I think it’s very solvable but using a composition of approaches we already use in software we have built for many years. Essentially an “aligned” superintelligence can be thought of as a machine that receives an input frame, before the model ever sees the frame it is checked for whether it fits well into the distribution of the training set.
If the input is in distribution, the model generates an output frame. Other models may be queried simultaneously with the same input. The output frame is then checked by other models for errors and rule violations.
Finally, the input and output schema are known to humans and have been designed to have no unnecessary bits, making collusion and deception between models difficult.
For example, a frame could be a text prompt. It could be a prompt plus a single camera frame from a robot. It could be a prompt, multiple camera frames, frames of lidar observation, intermediate data on the machines belief of the current local world state, and robot proprioception data.
Either way the model acts on one frame at a time and is unaware of any context data not in a frame.
Individual ASI models may not even be given control authority for more than a few frames at a time, or have their control interleaved between multiple models, etc.

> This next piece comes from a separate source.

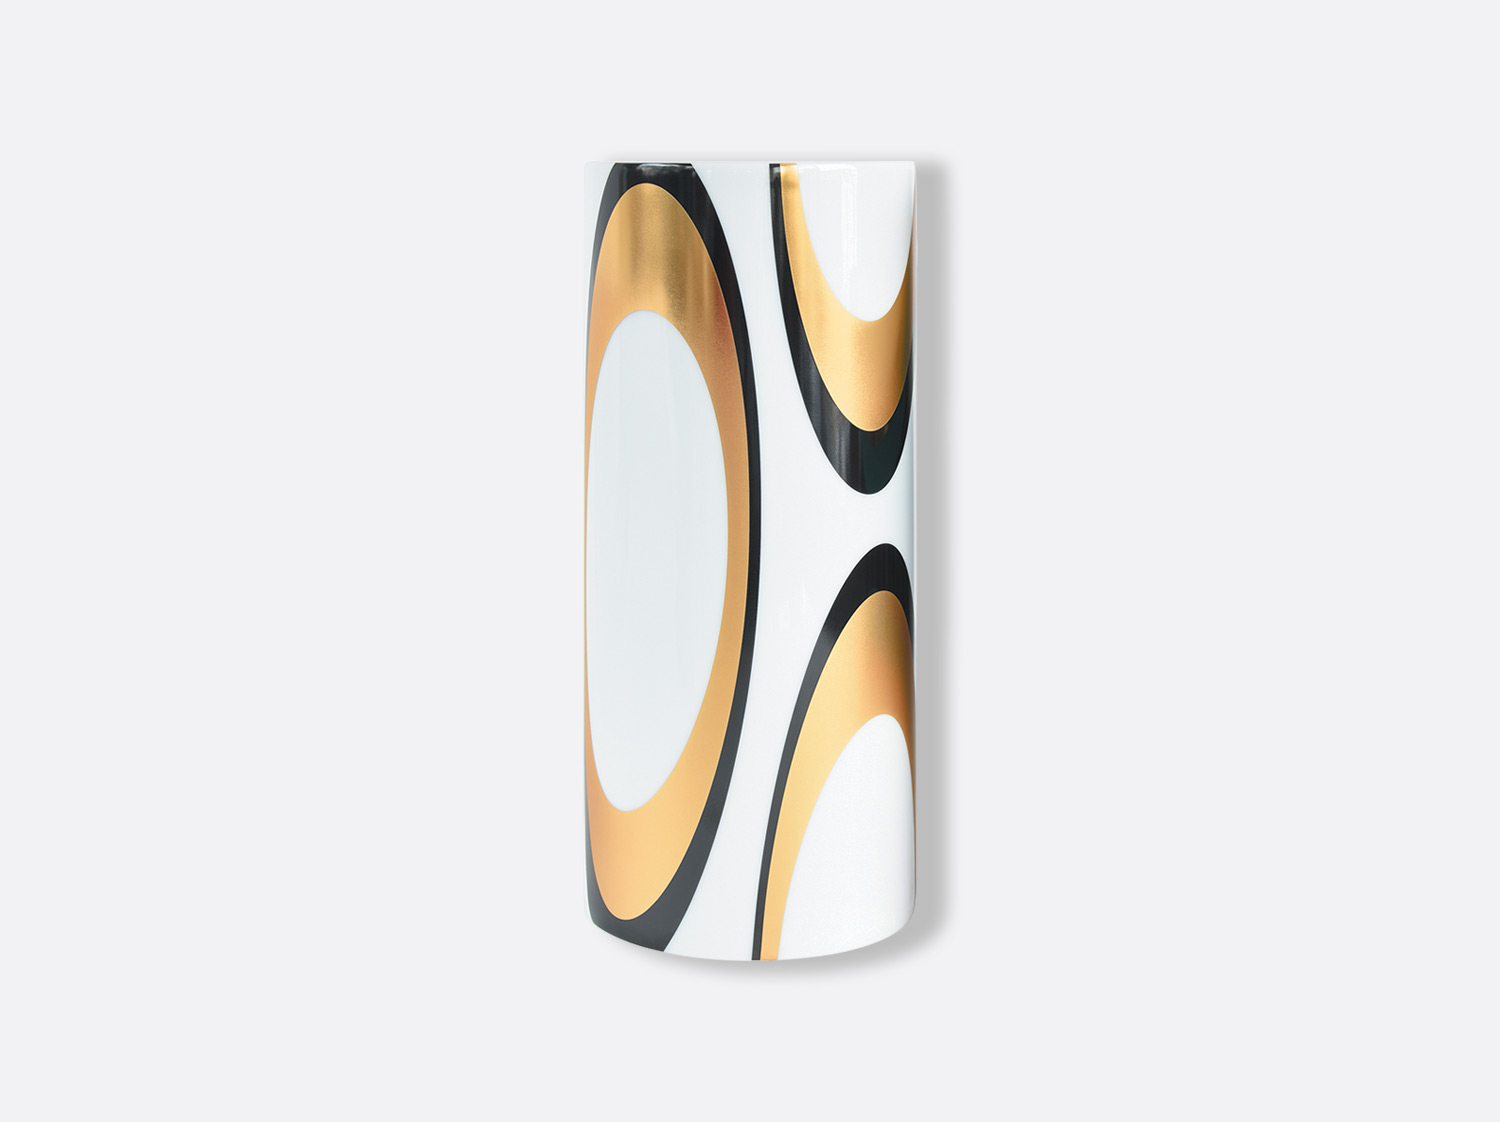 White large vase 22.4 Kintsugi - Sarkis | Bernardaud Porcelain

This above description is CAIS but I have added details from my work on realtime neural network control systems, ADAS fault handling, and I noticed a simple way to build an in distribution detector by simply compressing the frame with an autoencoder and measuring the residual incompressible portion.
Note also this type of “aligned” machine is intended to accomplish whatever task humans assign it and it operates on short time horizons. It shouldn’t attempt power seeking as there is no reward for doing so (seeking power takes too long). It’s session won’t last long enough to benefit from deception. And it will not operate on out of distribution inputs.
However it has no morals and there is no element in the design for this. It’s a tool, and it will do awful things if the operators with the access command it.
Is it too pessimistic to point out that humans are constantly doing awful things to each other and their surroundings and have been for millennia? I mean, we torture and kill at least eleven moral patients per human per year. I don’t understand how this solution doesn’t immediately wipe out as much life as it can.
I think it’s very solvable but using a composition of approaches we already use in software we have built for many years. Essentially an “aligned” superintelligence can be thought of as a machine that receives an input frame, before the model ever sees the frame it is checked for whether it fits well into the distribution of the training set.
If the input is in distribution, the model generates an output frame. Other models may be queried simultaneously with the same input. The output frame is then checked by other models for errors and rule violations.
Finally, the input and output schema are known to humans and have been designed to have no unnecessary bits, making collusion and deception between models difficult.
For example, a frame could be a text prompt. It could be a prompt plus a single camera frame from a robot. It could be a prompt, multiple camera frames, frames of lidar observation, intermediate data on the machines belief of the current local world state, and robot proprioception data.
Either way the model acts on one frame at a time and is unaware of any context data not in a frame.
Individual ASI models may not even be given control authority for more than a few frames at a time, or have their control interleaved between multiple models, etc.
This above description is CAIS but I have added details from my work on realtime neural network control systems, ADAS fault handling, and I noticed a simple way to build an in distribution detector by simply compressing the frame with an autoencoder and measuring the residual incompressible portion.
Note also this type of “aligned” machine is intended to accomplish whatever task humans assign it and it operates on short time horizons. It shouldn’t attempt power seeking as there is no reward for doing so (seeking power takes too long). It’s session won’t last long enough to benefit from deception. And it will not operate on out of distribution inputs.
However it has no morals and there is no element in the design for this. It’s a tool, and it will do awful things if the operators with the access command it.
Is it too pessimistic to point out that humans are constantly doing awful things to each other and their surroundings and have been for millennia? I mean, we torture and kill at least eleven moral patients per human per year. I don’t understand how this solution doesn’t immediately wipe out as much life as it can.